Dr. Scaff called today’s talk a “potpourri” of topics, sort of a buffet to go with the Honolulu Marathon Clinic’s potluck picnic.
Over the last couple of weeks Dr. Scaff talked about collapse point, post-race collapse, and other topics that probably scared the [censored] out of you, …and yet you are among the elite runners in the United States. We’re older, and we’re slower, but when you go out on the day of the marathon you will see there are 20,000 runners, and if you are doing a 7-hour marathon there will be 8,000 – 9,000 runners behind you, …younger, better looking, healthier looking, …and Dying! And you are going to feel so good because we are the Base!
You may not believe this, but running started here in Hawaii. Not racing, like in the Olympics, but running. When the Honolulu Marathon Clinic started in 1974, only 167 runners had participated in The Honolulu Marathon the year before. Nobody knew anything! Today, of course, there are, in addition to the Honolulu Marathon Clinic, two other main schools of running (Hal Higdon’s and Jeff Galloway’s), which evolved from base training as initially done by the Honolulu Marathon Clinic.
Problems, …Maybe Not
When Dr. Scaff talks about collapse point, or about hitting The Wall, The Wall may or may not be there. You could walk the marathon in two days and never know there is a wall. “Hitting The Wall” is a time/intensity relationship.
You can overheat, …but if you drink enough beverages and your urine is colorless (colorless once each day) and you urinate within 4 hours of completing your run, you will not overheat.
Post-race collapse is when a runner loses weight while running, the body preserved the blood volume by drawing fluids from the tissues, the runner stops running, and the body starts putting the blood volume back into the tissues, then you get into a bit of trouble, …but you can take care of all of that.
All You Need To Do
Right now we are in the base training and people ask, “Well, aren’t I going to do intervals like Hal Higdon? Aren’t I going to do the Jeff Galloway method of walking and running?”
The bottom line is base precedes speed, and that is all you need to do.
In the weeks to come, Dr. Scaff will get into a little bit about pacing (the 5-Second Rule). A study of people in the Boston Marathon found that people whose pace varied by more than 5 seconds per mile hit The Wall or did not finish.
But this does not have to happen to you. All you have to do is if you are running at a 10-minute mile now, and you stay at a 10-minute mile and you are comfortable, you will do fine, and you will certainly do better than the other people who are going to be suffering.
The Honolulu Marathon Clinic’s basic approach to training for the marathon is:
In the first 3 months (March, April, May) run 1 hour 3 times per week.
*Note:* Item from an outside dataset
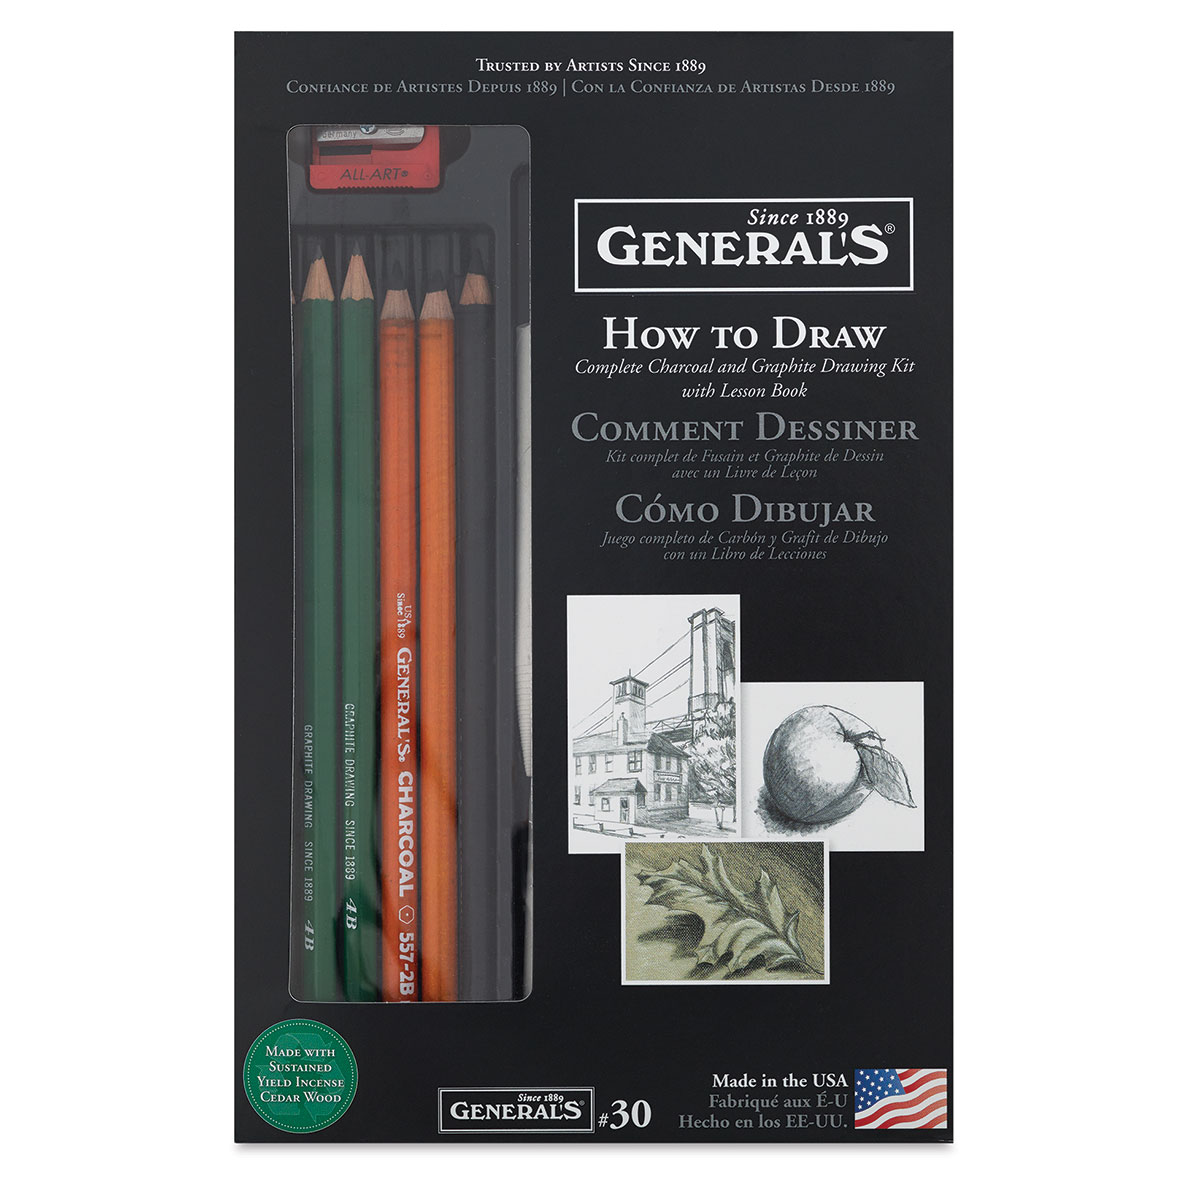 General's #10 Drawing Pencil Kit

That is easy.
In the fourth month (June) increase to 1 hour 4 times per week.
Starting in the fifth month (July) increase to 30 miles per week, which will take you 4 to 6 hours depending on your pace. The reason for this is because if you can get up to 30 miles per week, and stay there for 2 months without getting injured, and you slow down on the day of the marathon you will finish. And then of course if you want to complete the marathon with a little bit better finish time, you can add miles in the remaining months of training.
(This is so Simple! People ask Dr. Scaff, “What are you doing out in the middle of the Pacific giving this stupid lecture?” He shares this because it works!)
That’s basically all you have to do, is be mindful of your pace and stick to the program and you are going to all do very well.
Read the Rules
If you are going on a trip this summer, and even if you are not, Dr. Scaff encourages you to take his book, Your First Marathon – The Last Word In Long Distance Running, and at least read the sections on rules. In fact, Dr. Scaff recommends that everyone should read the entire book as it is a very good source of information on all things running, and other interesting topics as well.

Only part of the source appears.